I purchased i purchase kid9p milky modded 120p with TIR optics and i would like to find a replacement reflector so i could swap between the two when ever i feel like. I really like the tir since it concentrates the beam and gives a nice flood aswell. The reflector would make it a heavy flood and less spot so i could use the light in any situation. Later on i will be replacing the led since it is weak compared to my ti pd-s. I tried my ti pd-s reflector and the diameter works fine but once i add an oring and the lens and try to screw it down i can barely get one thread to grab.


----------



## gadget_lover (Oct 9, 2007)

Can you post a picture of the reflector? If it's straight sided I could lop a bit off for you. Whether I'd tackle the job depends on how tight the toerances are. Which end do you need cut down? The open end or the LED END?


Daniel


----------



## PhotonFanatic (Oct 11, 2007)

gadget_lover said:


> Can you post a picture of the reflector? If it's straight sided I could lop a bit off for you. Whether I'd tackle the job depends on how tight the toerances are. Which end do you need cut down? The open end or the LED END?
> 
> 
> Daniel



Daniel,

This is the reflector that faiz23 wants cut down.
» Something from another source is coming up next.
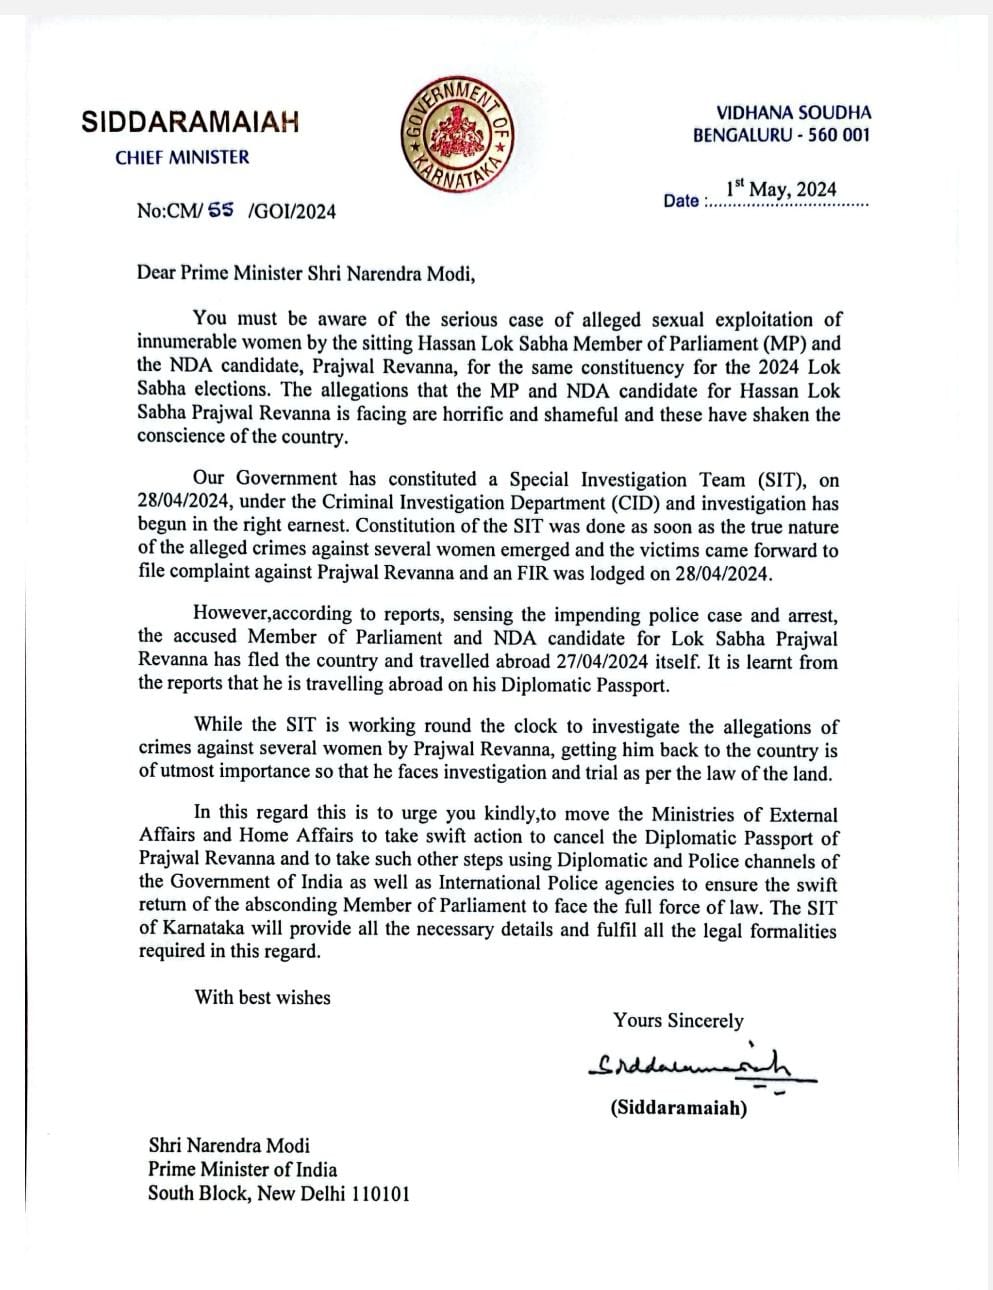 Karnataka CM Siddaramaiah writes to PM Modi requesting him to direct the Ministry of External Affairs and Ministry of Home Affairs to cancel the Diplomatic Passport issued to Hassan MP & JD(S) leader Prajwal Revanna and ensure his return to face the law

He needs the top of the relfector cut down, not the LED end. As you can see, this is a little challenging, but my solution to this is to place the open end of the reflector in a collet, with a stop. Then I cut a shallow ledge in the reflector. That ledge is then used to grip the reflector in a smaller collet and one can then face off the excess length. I would have done this for him, but my largest collet only goes to 20mm and the Khatod is 20.45mm in diameter. And, I didn't want to try this in a four-jaw chuck--that would be even more work.


----------



## scott.cr (Oct 11, 2007)

I wonder if it would be better to lay a piece of emery cloth on a surface plate and have at it? (Being careful to sand square, of course.)


----------



## PhotonFanatic (Oct 11, 2007)

scott.cr said:


> I wonder if it would be better to lay a piece of emery cloth on a surface plate and have at it? (Being careful to sand square, of course.)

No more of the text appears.